(Dataset excerpts)
○ ○ ○

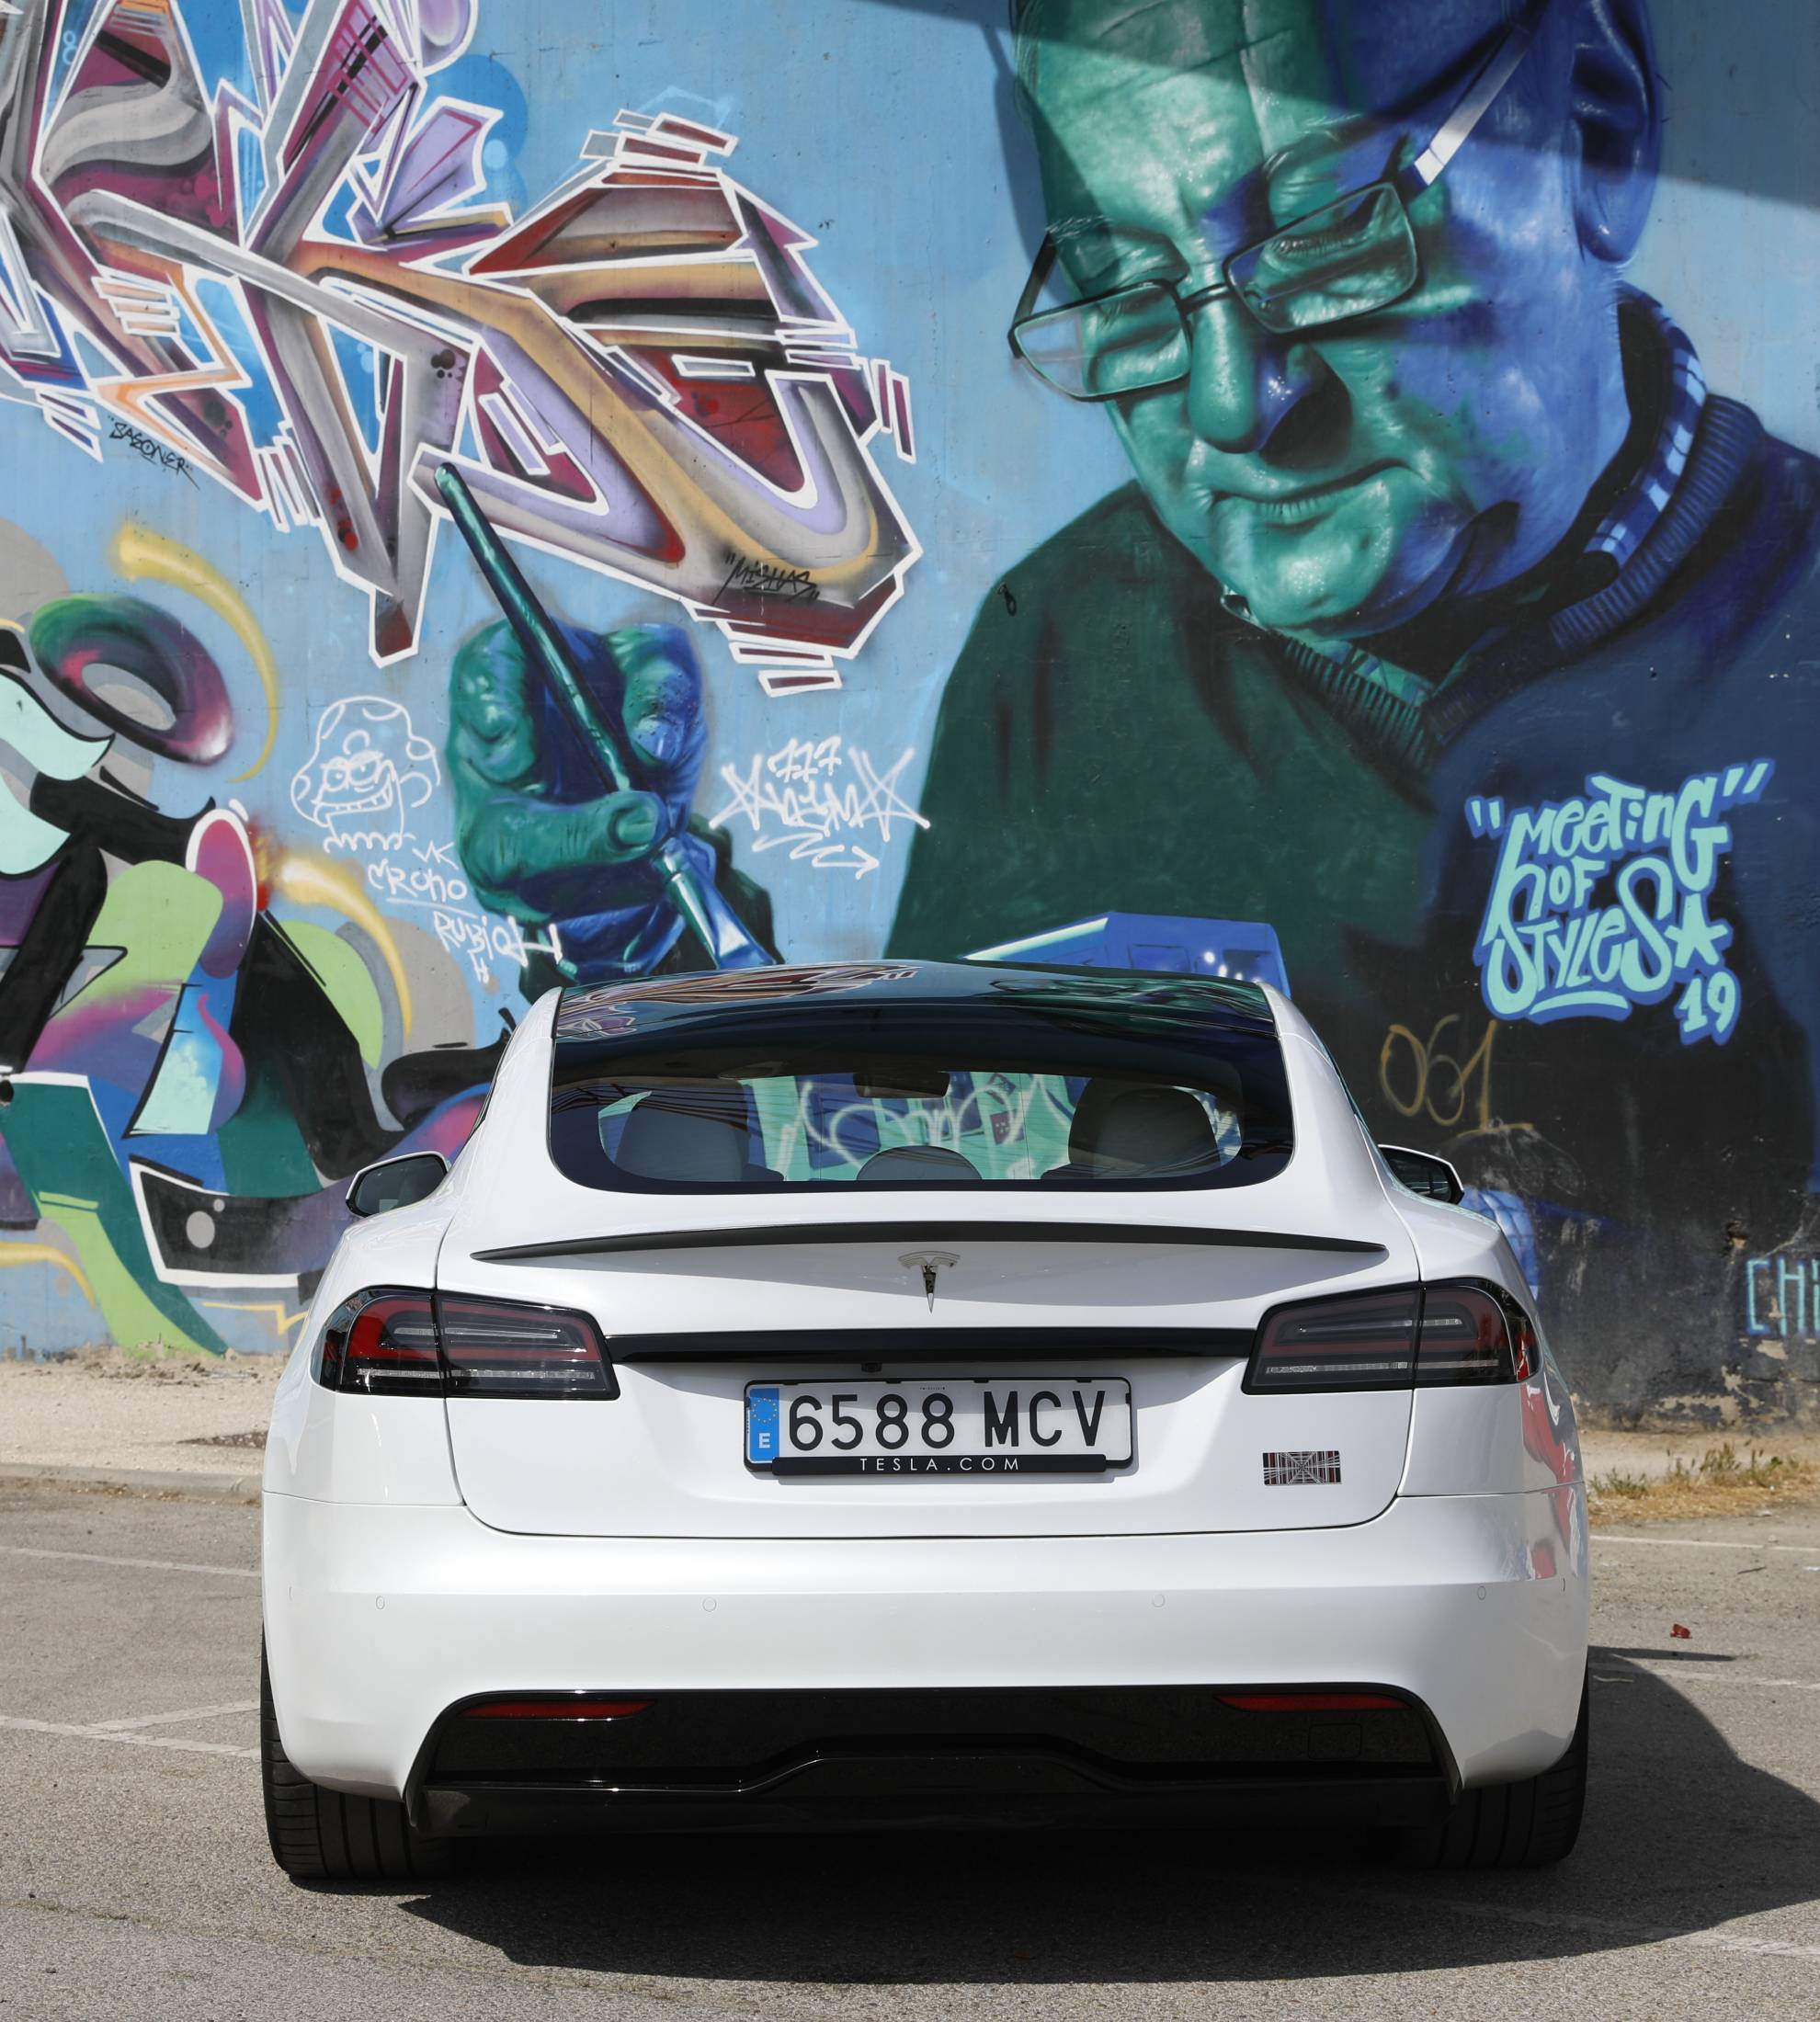 Apenas ese spoiler de carbono y el logo de los Plaid te muestra el verdadero carácter de este Model S.
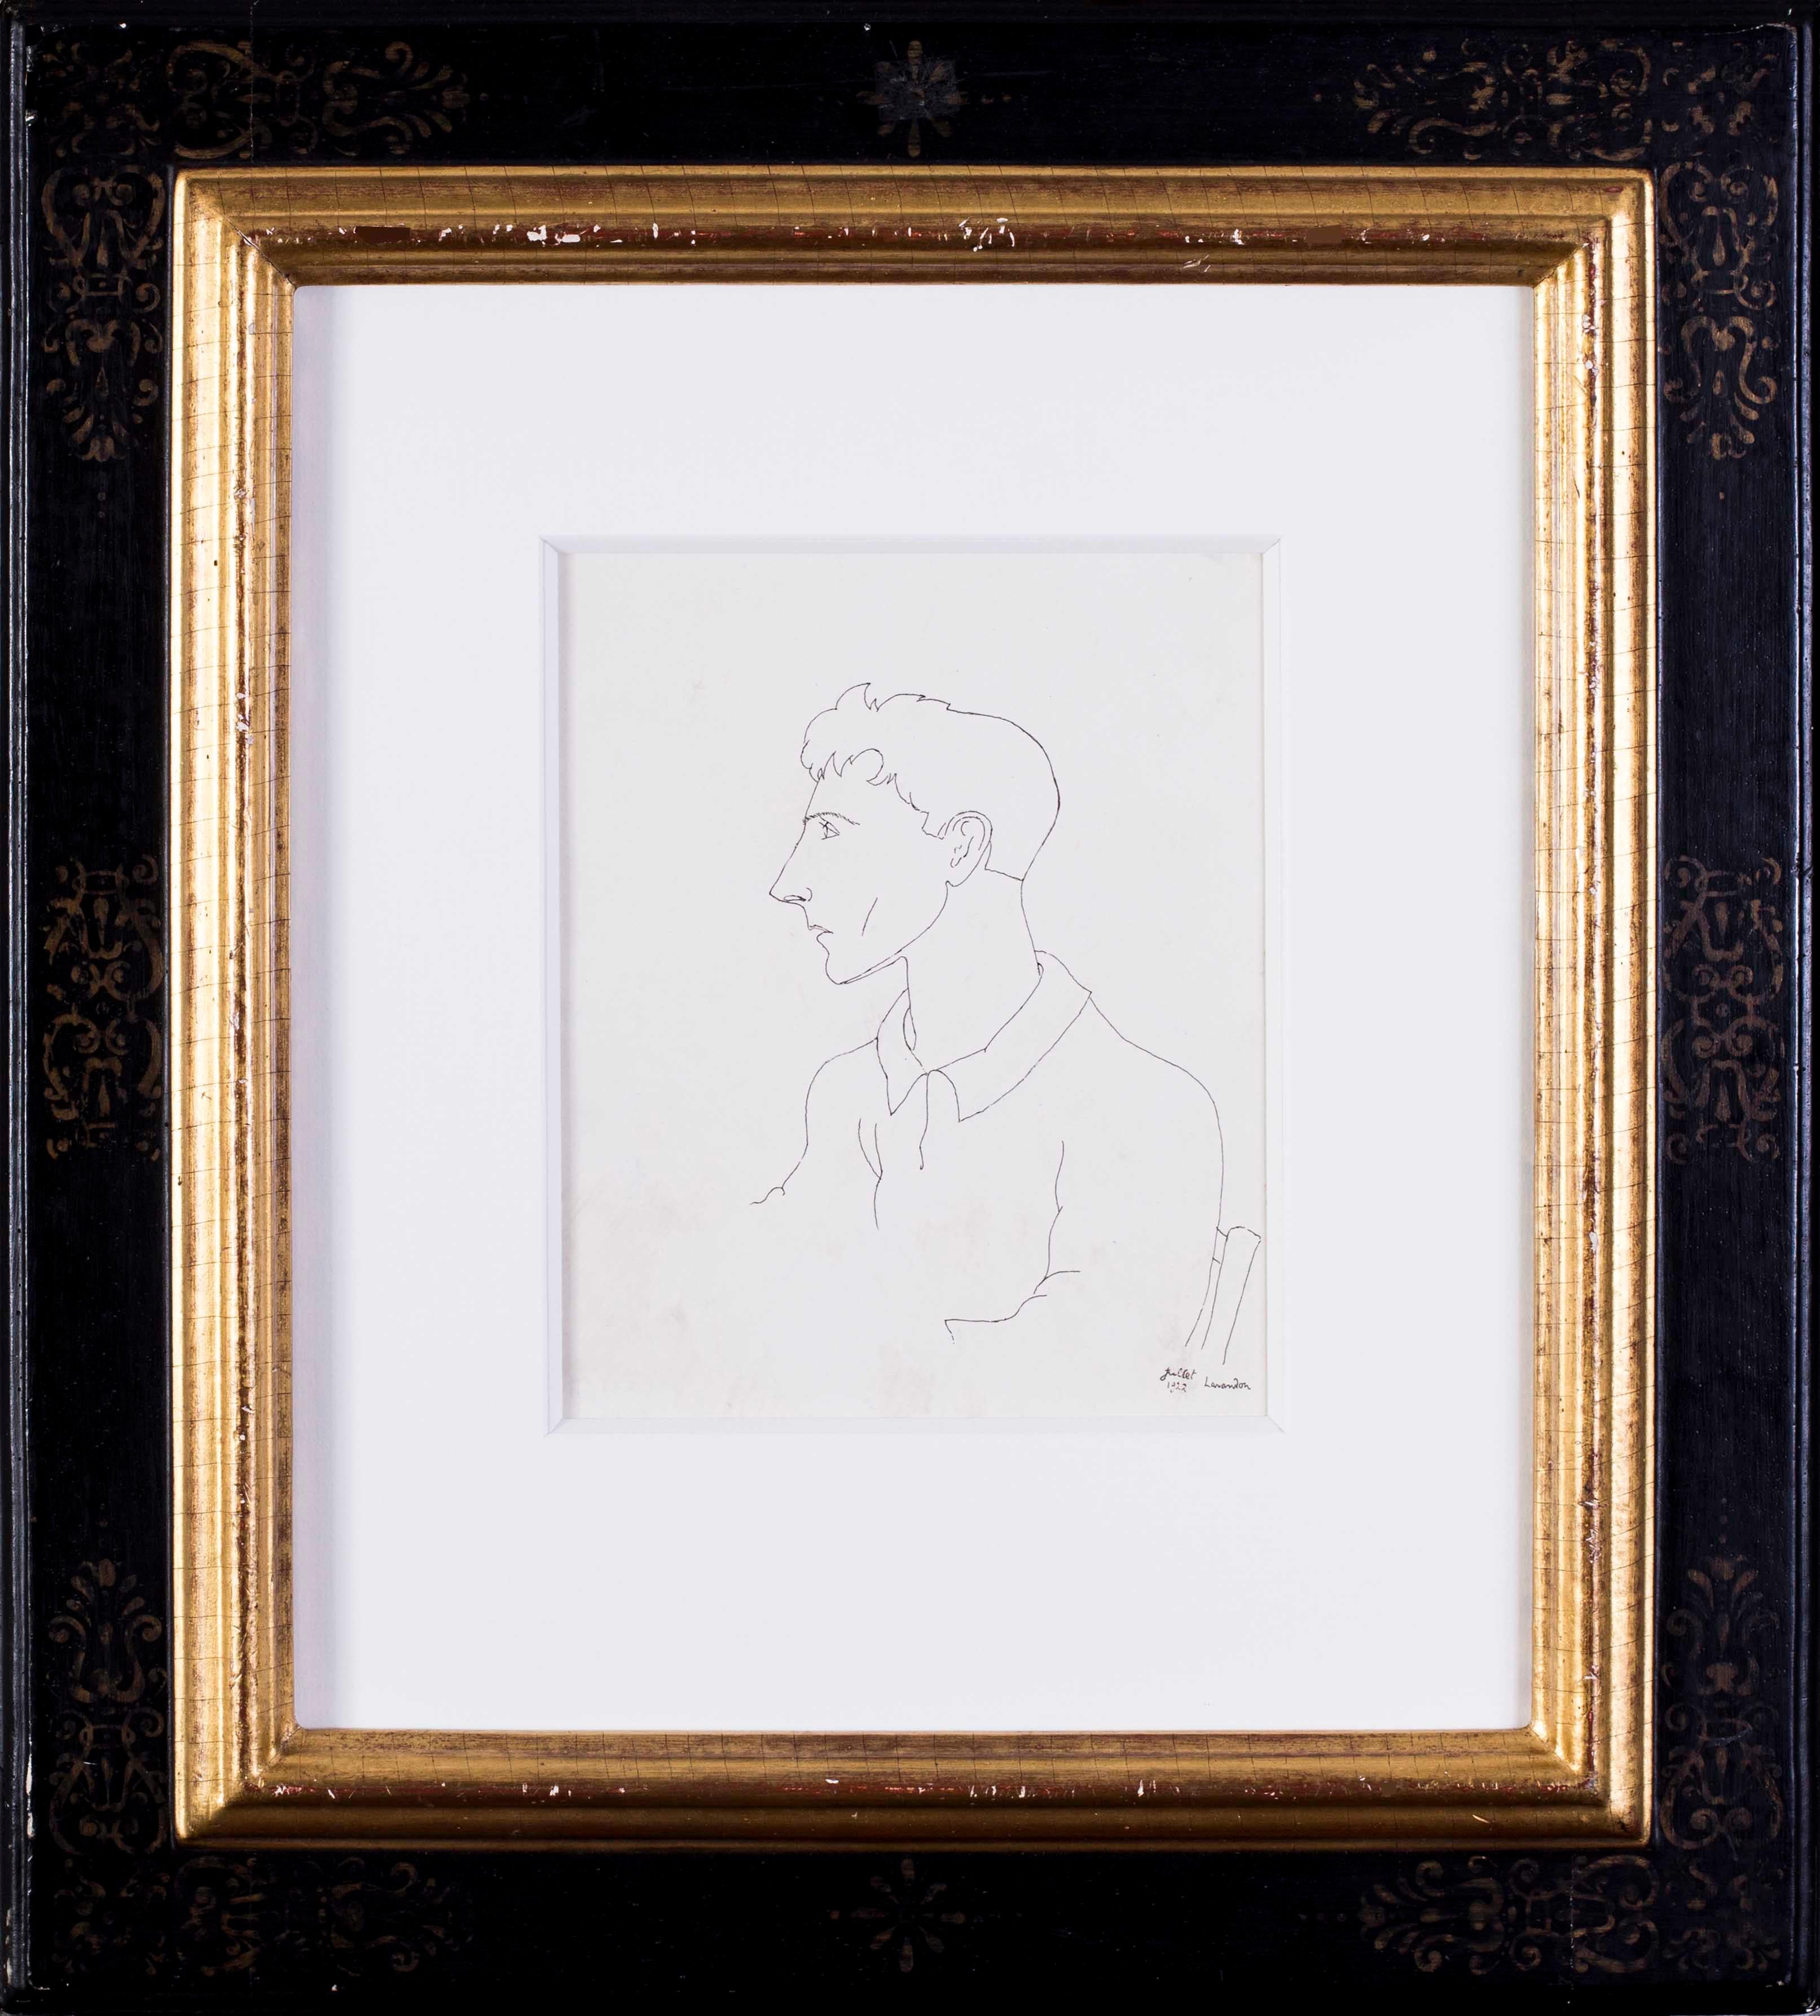 Jean Cocteau (Französisch, 1889 - 1963)
Selbstporträt, Le Voyageur dans les glaces (der Reisende im Eis)
1922 hingerichtet
Bezeichnet und datiert "Juillet 1922, Lavandon" (unten rechts)
Tusche auf Papier
9.1/2 x 7,1/2 Zoll. (24 x 19

○ ○ ○

◆ WHAT THE EXERCISE ASKS
Please keep the pictures out and reproduce the records above exactly.

◆ TASK RESPONSE
 Apenas ese spoiler de carbono y el logo de los Plaid te muestra el verdadero carácter de este Model S.
 Jean Cocteau (Französisch, 1889 - 1963)
Selbstporträt, Le Voyageur dans les glaces (der Reisende im Eis)
1922 hingerichtet
Bezeichnet und datiert "Juillet 1922, Lavandon" (unten rechts)
Tusche auf Papier
9.1/2 x 7,1/2 Zoll. (24 x 19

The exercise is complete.